Call of the Vigilant
Basilisk
A basilisk looks like a cross between a garden snake and a four-foot-long lizard. These creatures are usually colored in gray or brown tones, with no distinguishing features save for gray, rooster-like combs atop their heads and beady eyes. The eyes glow with a fierce white light, visible only at night, and which inflicts terrible damage to any living being in its path. During the day, sunlight obscures the basilisk’s eyelight. The basilisk hunts by night, crawling out of its cave at twilight. At this time, they are most dangerous, driven to hunt by ravenous hunger. Unlike most creatures, basilisks sleep with their eyes open, lighting up their small caves as if with a hundred candles.

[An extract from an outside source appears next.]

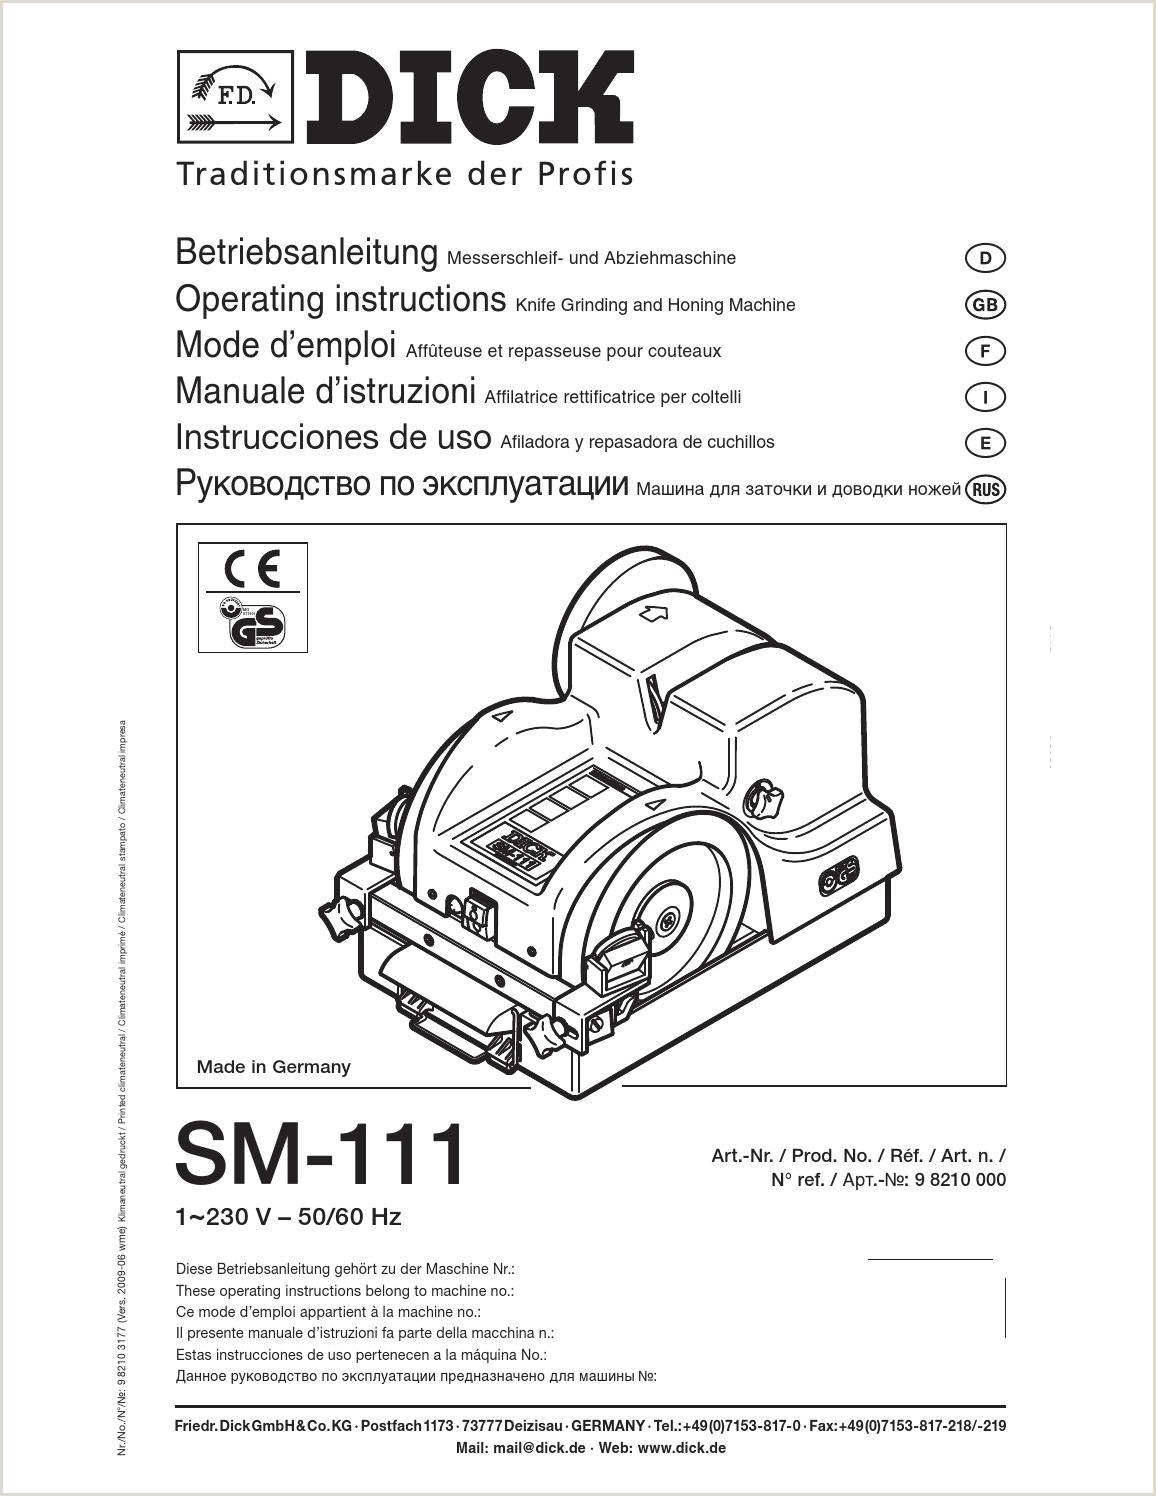 Como Hacer Una Hoja De Vida Manual Afiladora Sm 111 Dick by Food Technology Sa issuu
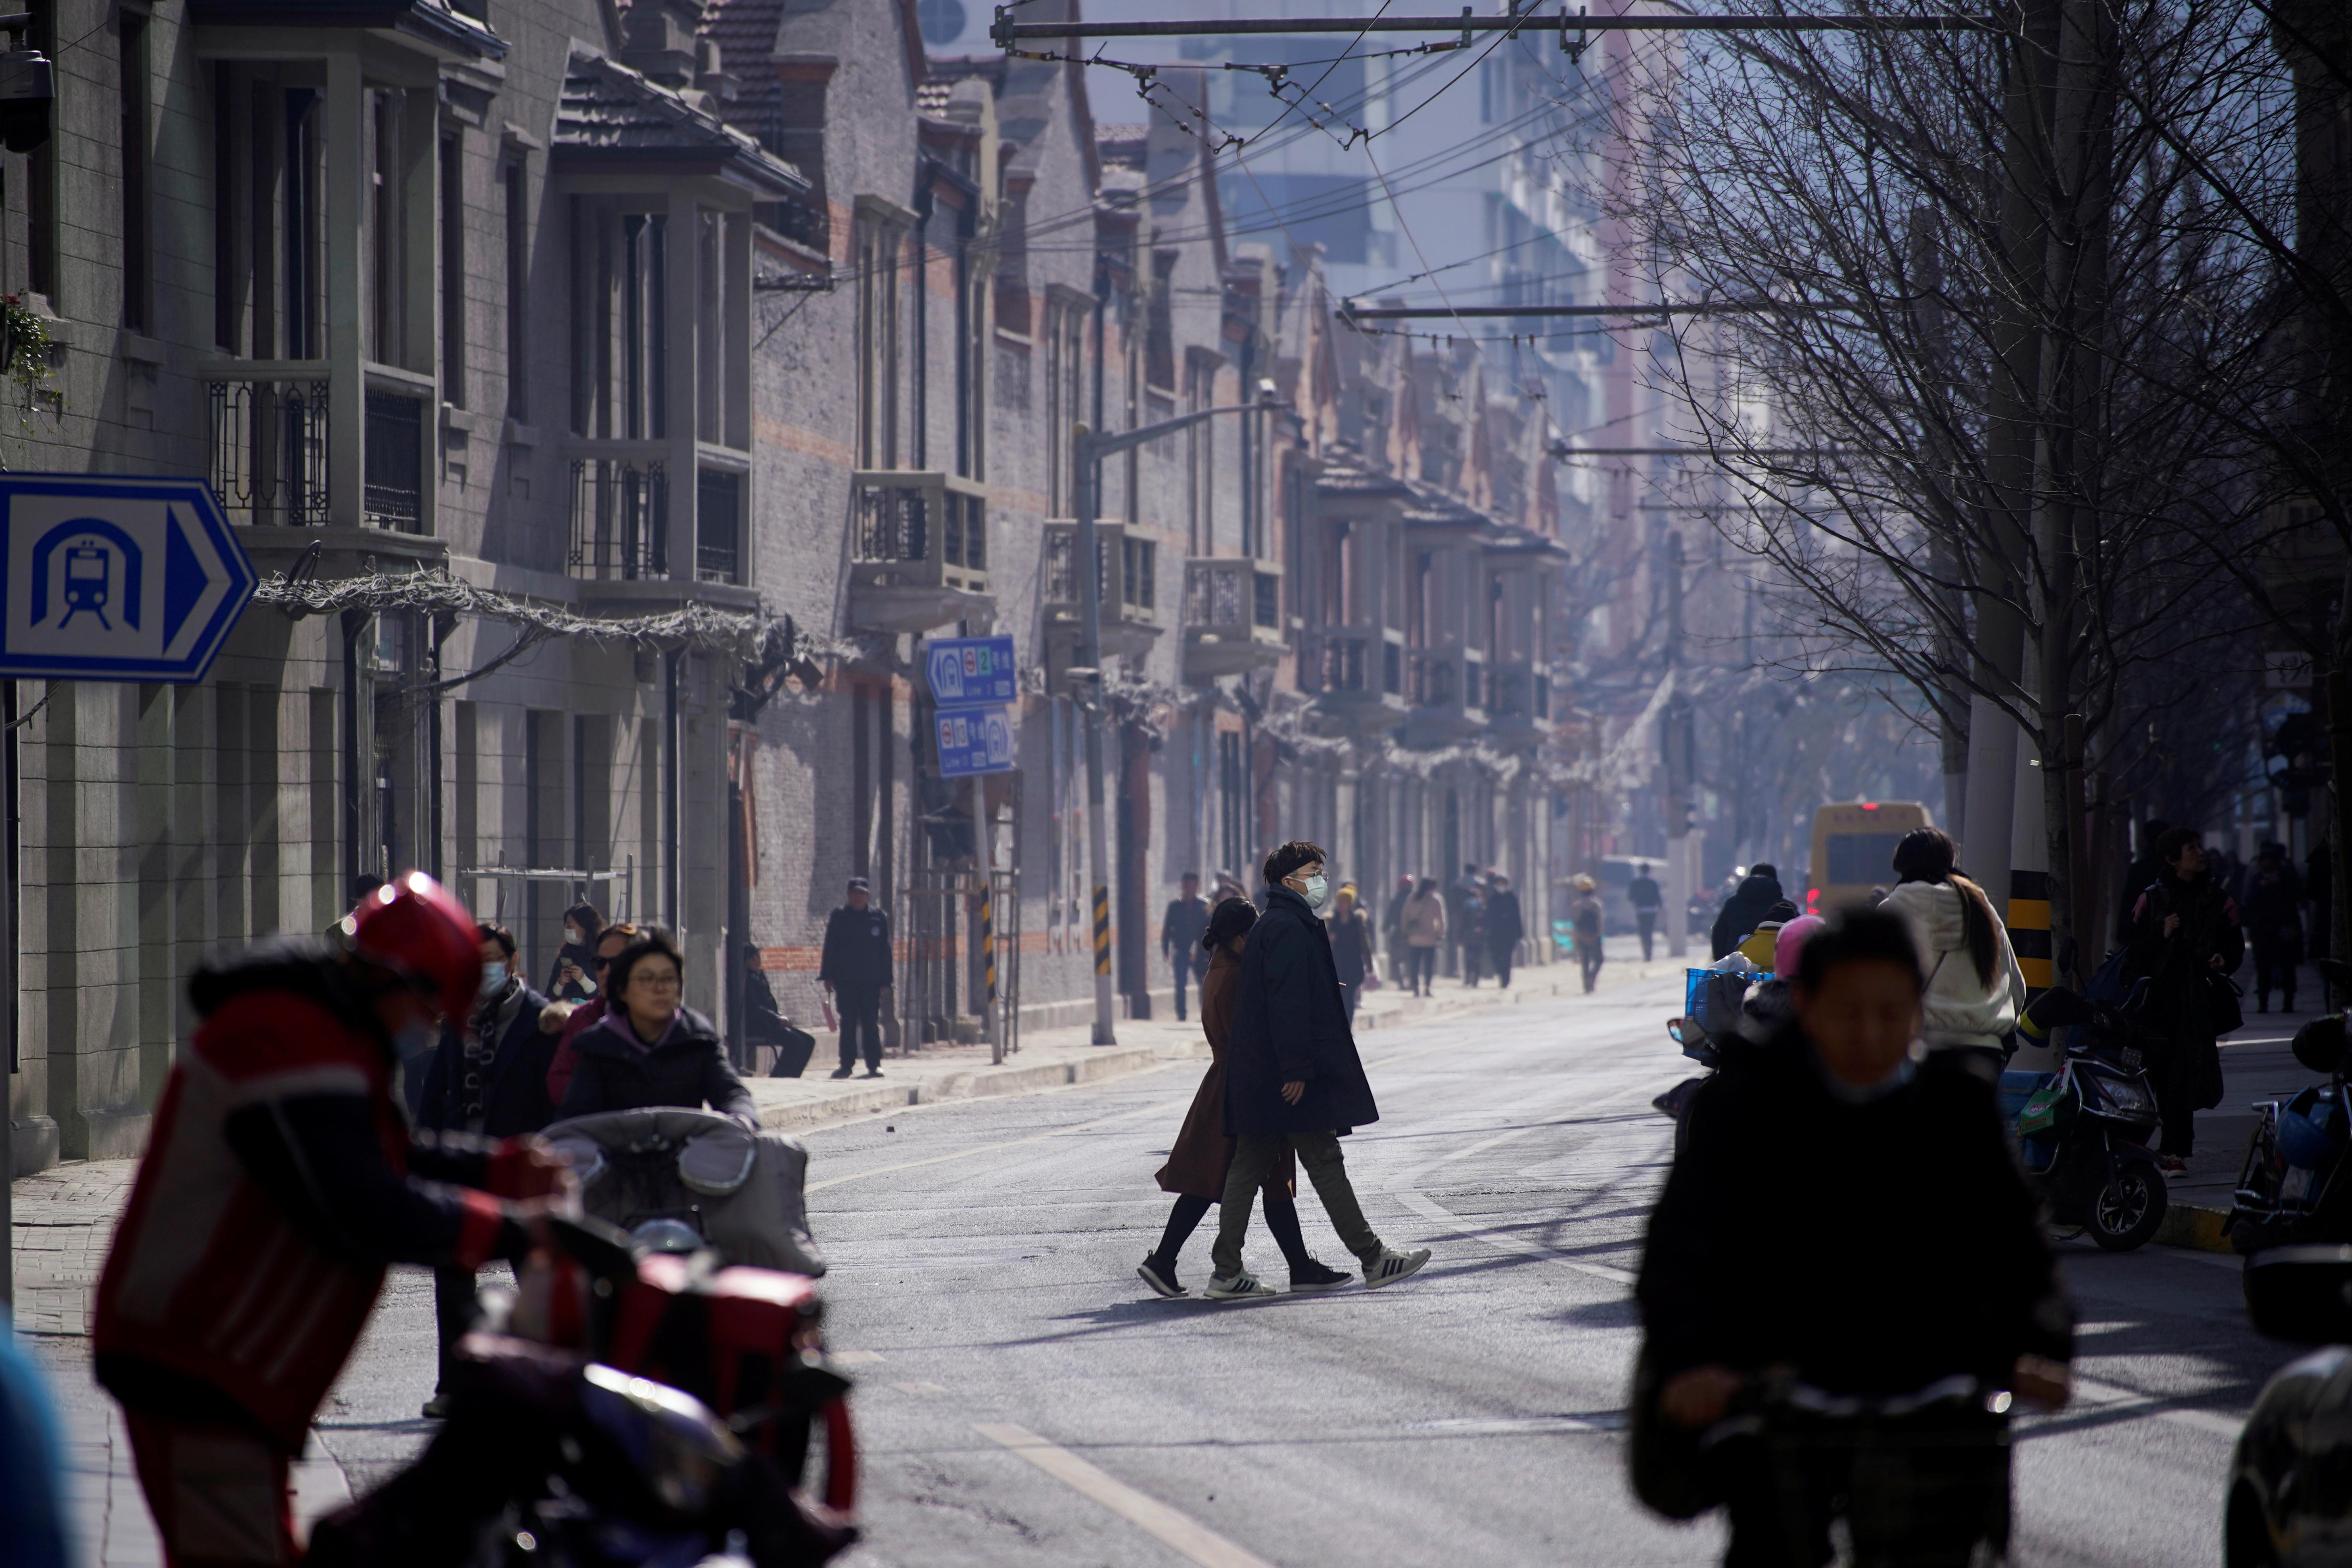 中国本土疫情持续,除了河北,黑龙江的确诊也开始增加。图示上海周四的街景。-路透社-

For many centuries, magicians and scholars puzzled over how basilisks reproduce. A creature that kills anything it looks at can hardly be expected to mate in any normal way and would most likely kill any baby basilisks it managed to spawn. The answer to this puzzle is that the basilisk does not mate, but splits. Every so often in a basilisk’s life, its tail begins to grow thicker and takes on the appearance of a second head. After several weeks, both heads look exactly the same, and the creature splits in half. The two halves begin to grow new tails, and within days there are two basilisks instead of one.
Some scholars claim the basilisk resembles the cockatrice— others believe basilisks and dragons are related. Legends abound of foolish magicians who tried to harness the basilisk’s magic for their own ends, and died from their efforts.